Old Shows, Fresh Takes Daniel Fish’s radical reworking of Oklahoma! in 2019 was a gut-punch, brilliant and visionary. Two new revivals might provide the new year with just such boundary-pushing. First is director Ivo van Hove’s West Side Story, which promises the director’s trademark use of multi-media, a cast of Broadway newcomers and the gutsy decision to ditch Jerome Robbin’s beloved choreography for a new take by the remarkable Anne Teresa de Keersmaeker. The show is in previews now at the Broadway Theatre, opening Feb. 20.
Another reworking is director Marianne Elliott’s take on Company, the groundbreaking musical by Stephen Sondheim and George Furth. For this production, Elliott gender-switches the central role of Bobby to Bobbie, to be played by the fantastic Katrina Lenk (The Band’s Visit). Patti LuPone reprises her Olivier Award-winning London performance as Joanne (yes, she sings “The Ladies Who Lunch”). Company begins previews March 2 at the Bernard B. Jacobs Theatre, opening March 22.
Broadway’s Thriller If Mrs. Doubtfire is set to wade into the pool of shifting social attitudes, MJ The Musical could splash up a tidal wave. One of the most popular musical icons of the 20th Century – and the most divisive of the 21st – Michael Jackson is getting his own jukebox musical.
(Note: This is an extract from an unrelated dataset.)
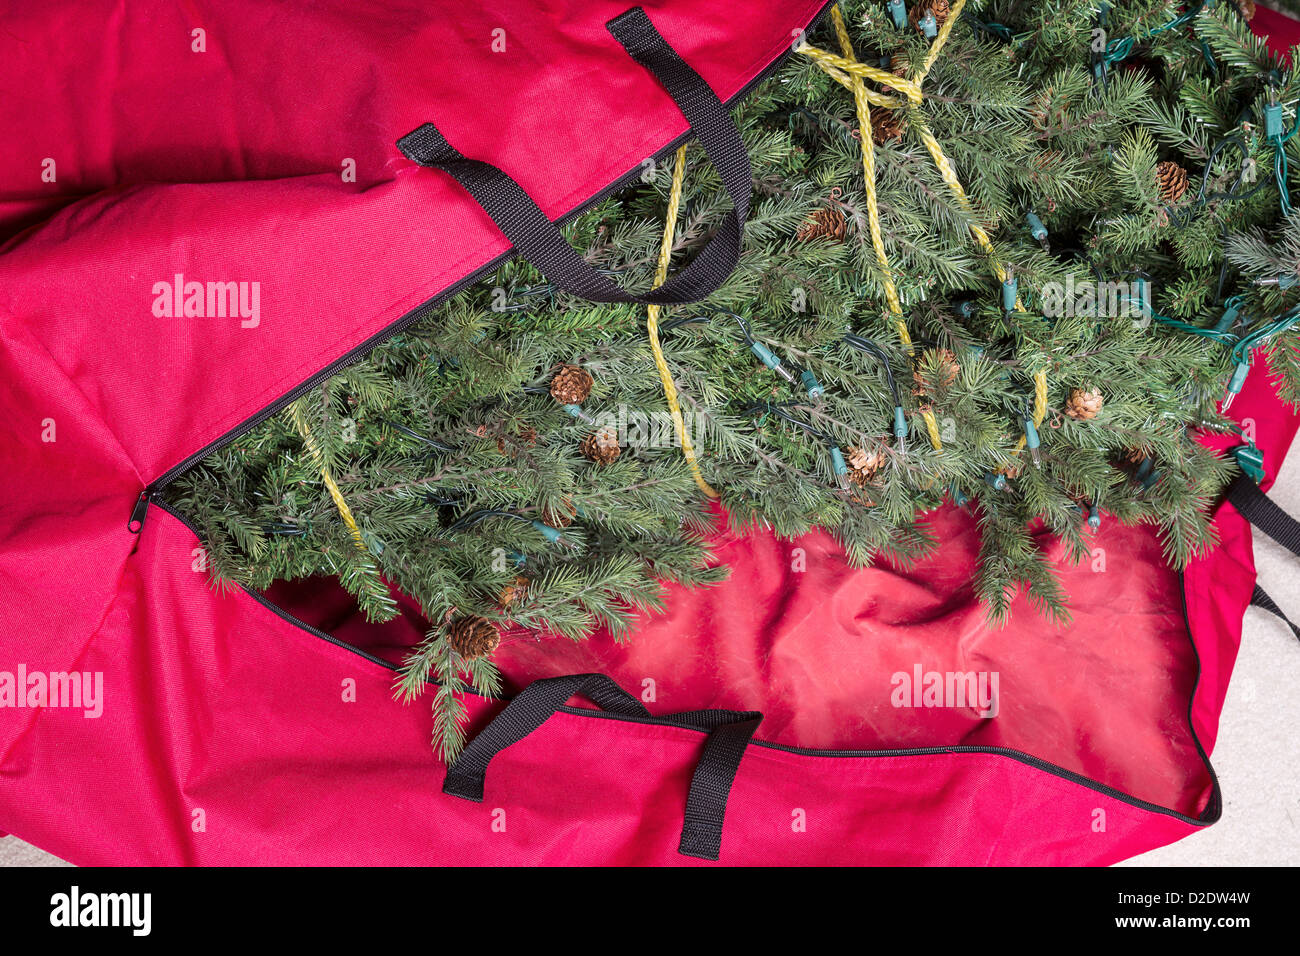 Grand arbre de Noël artificiel d'être placés dans un sac à glissière en nylon rouge pour la saison prochaine Banque D'Images
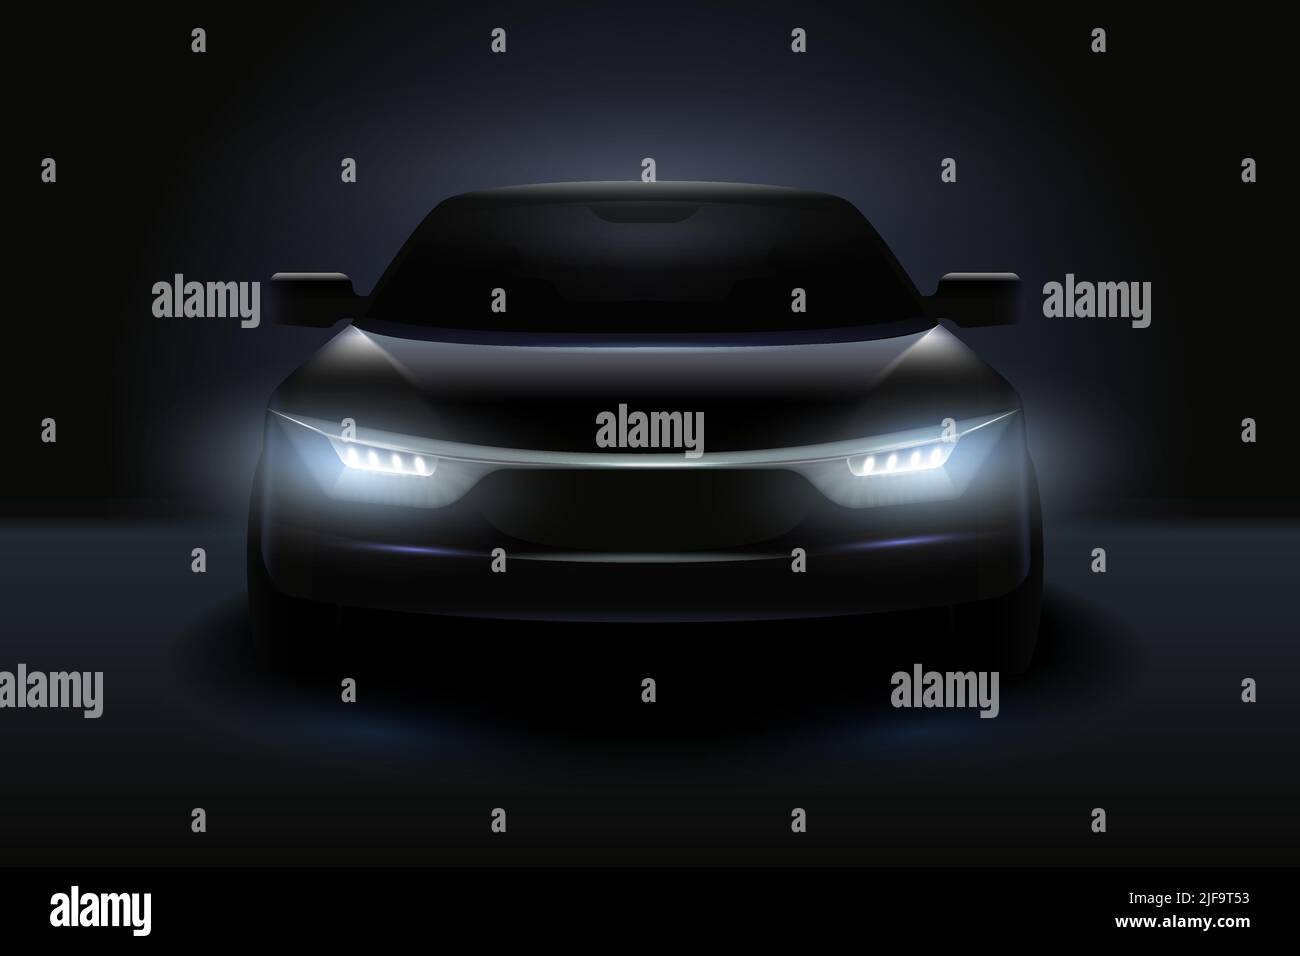 Composición realista de luces led de coche con silueta oscura de automóvil  con faros atenuados y sombras ilustración

On first consideration, the concept seems ill-timed, at best. This year’s HBO documentary Leaving Neverland, chronicling two men who say they were groomed and molested as children by Jackson, delivered what many would have thought was a fatal blow to the King of Pop’s reputation, notwithstanding Dave Chappelle‘s skepticism and the vehement denials of the Jackson Estate, a producer of MJ.
But there are other reputations to consider with MJ, and they’re exemplary, worthy of the benefit of the doubt. The book of the musical is written by Lynn Nottage, winner of not one but two Pulitzer Prizes for drama (Ruined, 2009, and Sweat, 2017). The director and choreographer is Christopher Wheeldon, who won a Tony Award for his 2015 choreography of Broadway’s An American in Paris. Ephraim Sykes, who was Tony nominated this year for his performance in Ain’t Too Proud and was an original cast member of Hamilton, will play Michael Jackson. Sykes is a performer whose time for the solo spotlight has come.
Exactly how, if, to what extent and how convincingly MJ addresses the molestation accusations won’t be known until audiences get a look (previews begin at the Neil Simon Theatre on July 6, with an opening of Aug. 13). What we do know is that the musical centers around rehearsals for Jackson’s 1992 Dangerous World Tour and features more than 25 Jackson songs. Sykes has told Essence magazine that he hopes “to show how human [Jackson] truly was,” and that, “hopefully we can all have a little bit more empathy with him, his downfalls, his demons, his struggles…”
Aside from whether the show works or not, MJ promises to offer a glimpse at how a top-flight creative team navigates some of theater’s foundational questions, of commerce and art, of fact and fiction and how perspective and affinity shape each, and of who, when all is said and done, is worthiest of our devotion. A decade after his death, Michael Jackson isn’t going anywhere, but neither are his accusers. How Broadway deals with that is a story in and of itself, waiting to be written.